Lott Trophy for defensive impact player of the year — Because of all he does on defense — pass defender and tackler — Fitzpatrick is a strong possibility for making the most impact for his defense.
Dick Butkus Award for best linebacker — Alabama lost three starting linebackers to graduation, including the Butkus Award winner in Reuben Foster and outside stars Tim Williams and Ryan Anderson. Shaun Dion Hamilton suffered a knee injury in the SEC Championship Game, but is expected back at the middle linebacker spot in 2016. Before being injured he had 64 tackles to rank fifth on the team, and had 9 tackles for loss, including 2 sacks. He also caused a fumble and had 2 pass interceptions.  In his absence, Rashaan Evans moved up to a starting spot, and Evans was already considered a first team player by the Alabama coaching staff. Evans had 53 tackles including 4 sacks, broke up 2 passes, caused and recovered a fumble, and had 6 quarterback pressures. With Alabama expected to have another very fine defensive line, that sets it up for inside linebackers to make a lot of plays.
Ray Guy Award for best punter — JK Scott should have won this award in his freshman year when he was a finalist after having the best season in Alabama history with 55 punts for a 48-yard average and 46.4 net average. He followed that with a solid sophomore season in which he had 70 punts for a 44.2 average and 40.2 net. Last year he had 64 punts for a 47.2 average. He had 29 punts over 50 yards and 7 over 60 yards, and 25 inside the 20. The two-time All-America is a tremendous “flip the field” weapon who was a choice by Alabama coaches as a player of the week in nine games. His 189 career punts have averaged 46.3 yards and he has put 81 of them inside the 20.

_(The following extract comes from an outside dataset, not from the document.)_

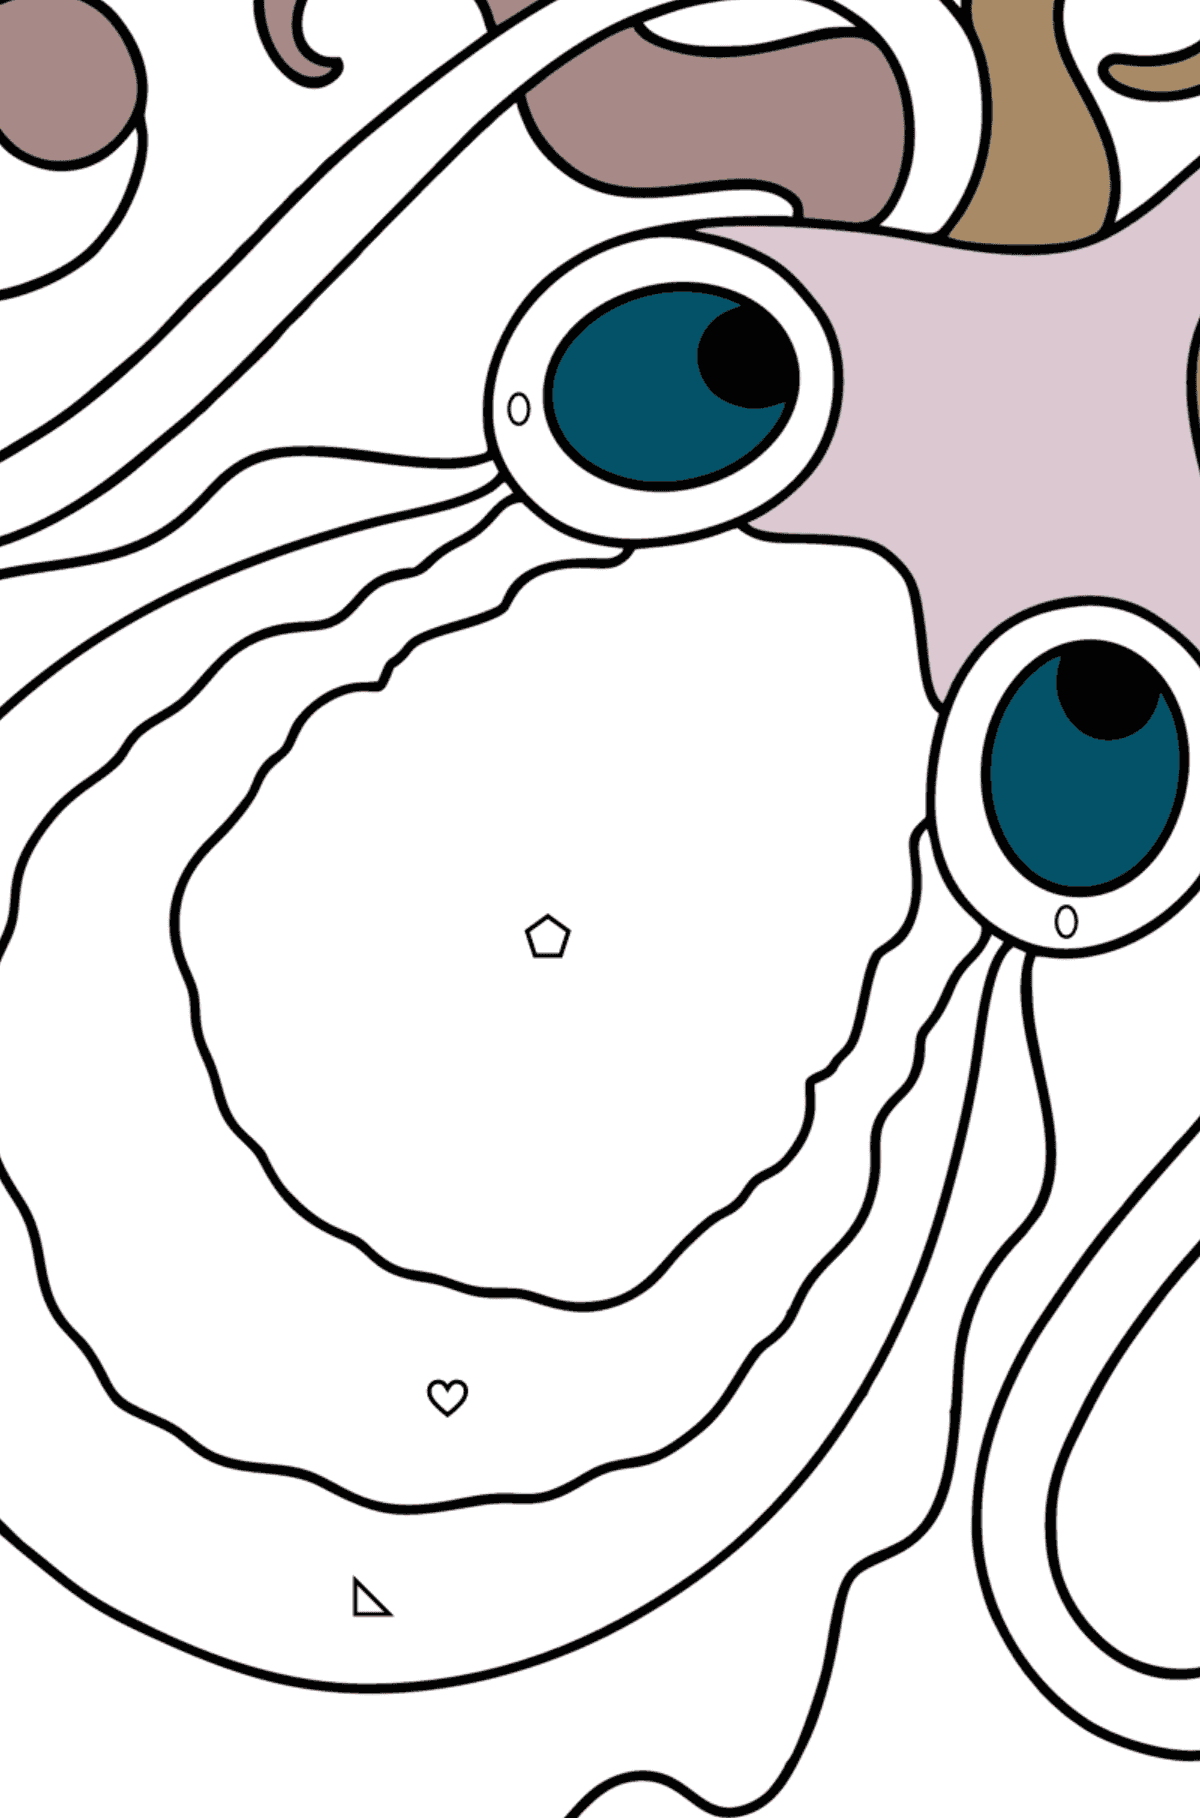 Cuttlefish coloring page - Coloring by Geometric Shapes for Kids

Lou Groza Award for best placekicker — Alabama lost its placekicker of the last three years, Adam Griffith, and signing a new man was of utmost importance. After securing an early commitment from an All-America kicker in Brandon Ruiz, but shortly before Signing Day Ruiz recommitted. No problem. Bama went out and signed another All-America in Joseph Bulovas. You won’t find Bulovas on the 2017 signee list, but he has pledged to arrive in August. Bulovas comes from the renowned Chris Sailer kicking school. He was outstanding in the Army All-American game with field goals of 34 and 49 yards and all three extra point tries. He won’t be on the summer watch list, but he has talent.